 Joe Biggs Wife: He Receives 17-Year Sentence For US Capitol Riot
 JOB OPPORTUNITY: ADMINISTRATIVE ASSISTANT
--------------------
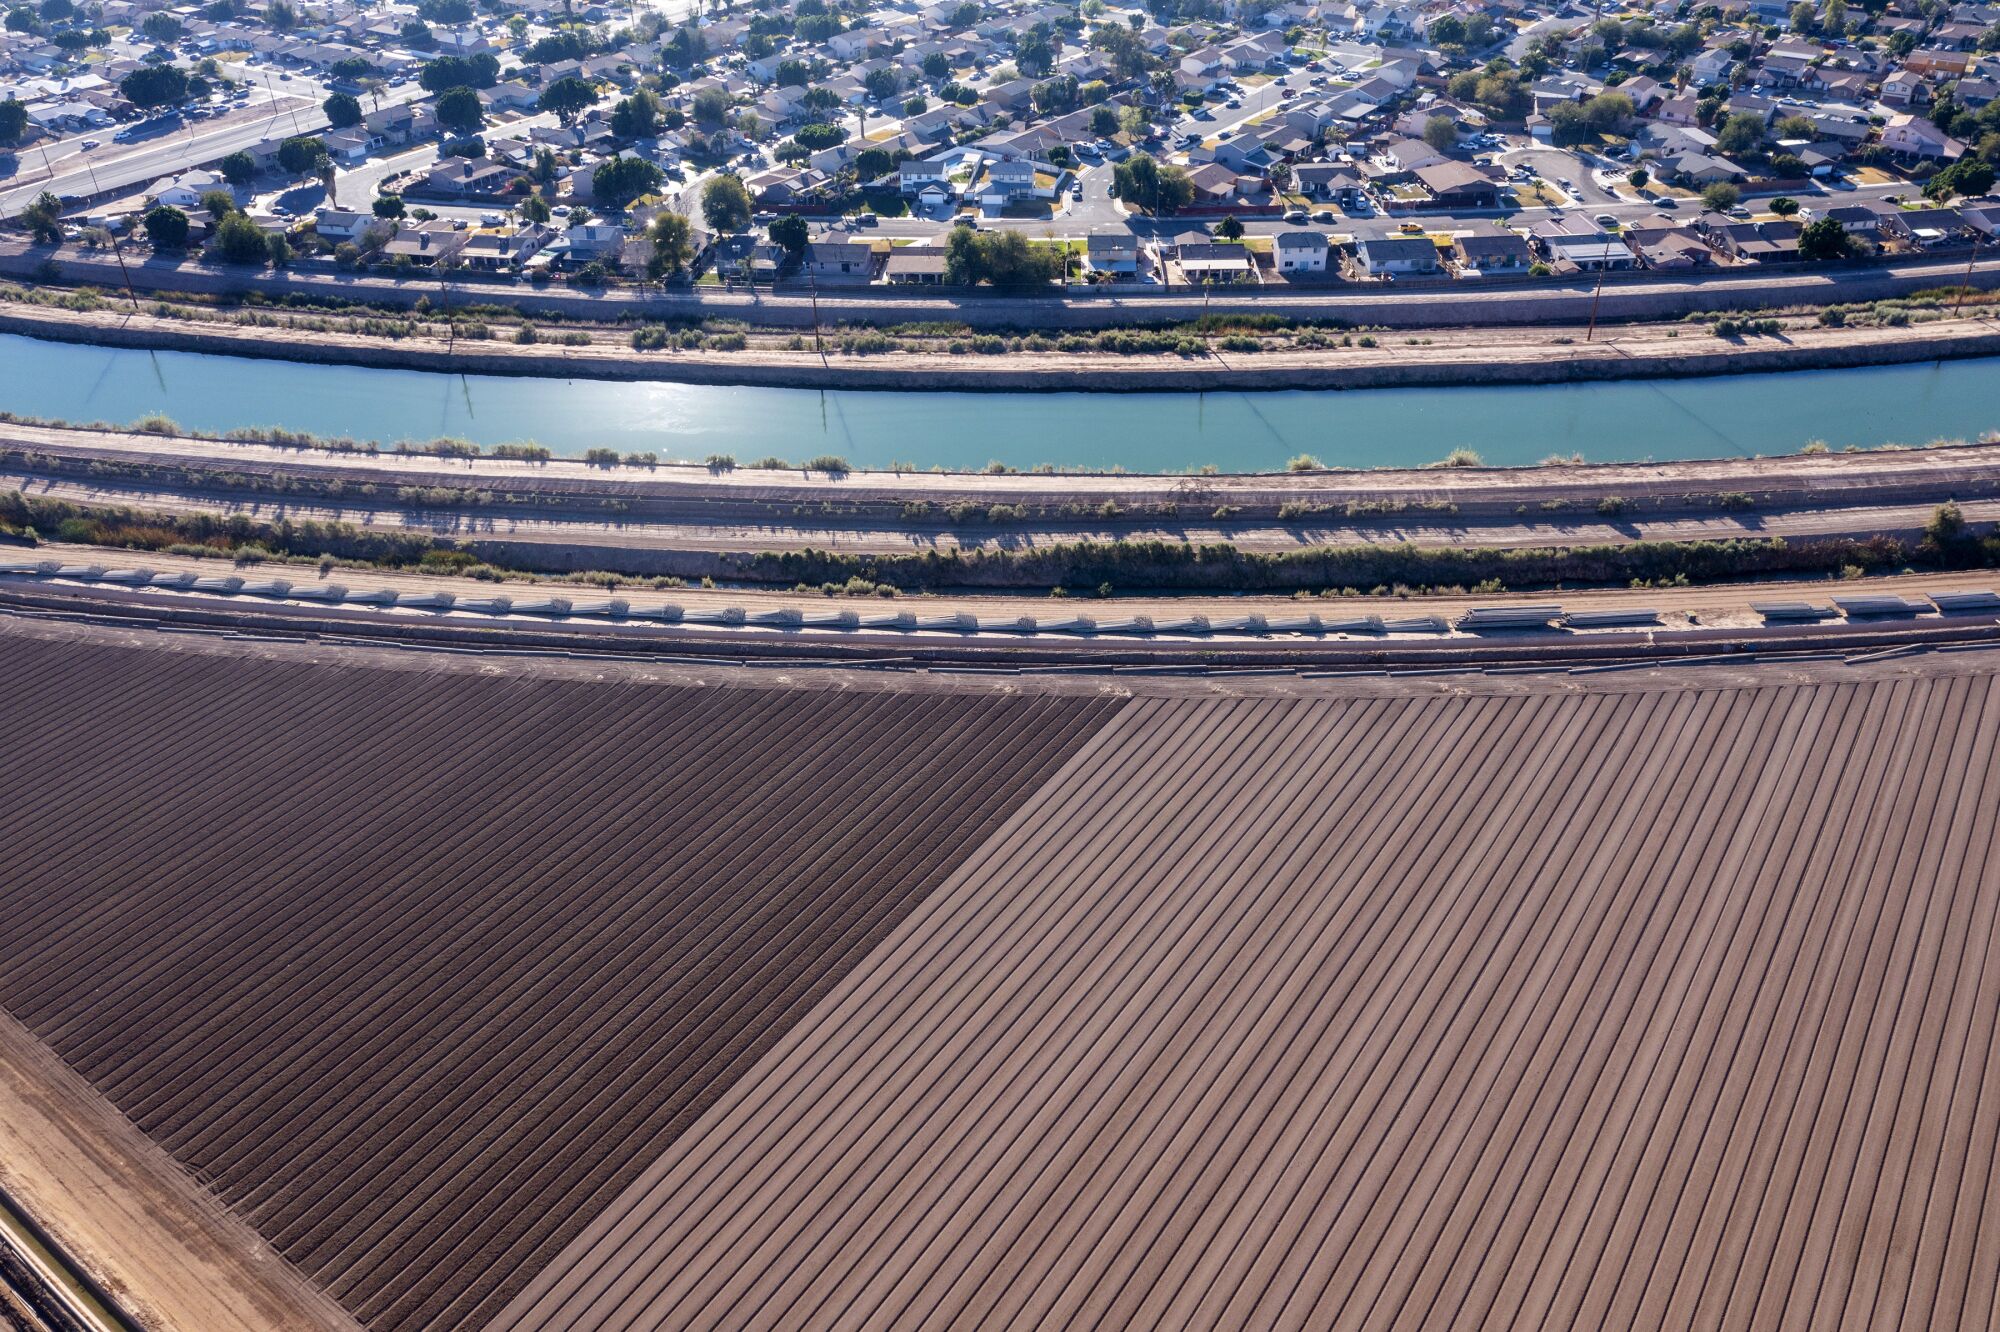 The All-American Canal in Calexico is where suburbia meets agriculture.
--------------------
§ **Problem to solve**:
Both end lines included, restate word for word the lines above from the line with "Joe Biggs Wife: He" to the line with "JOB OPPORTUNITY: ADMINISTRATIVE ASSISTANT", and nothing else.

§ **Your solution**:
 Joe Biggs Wife: He Receives 17-Year Sentence For US Capitol Riot
 JOB OPPORTUNITY: ADMINISTRATIVE ASSISTANT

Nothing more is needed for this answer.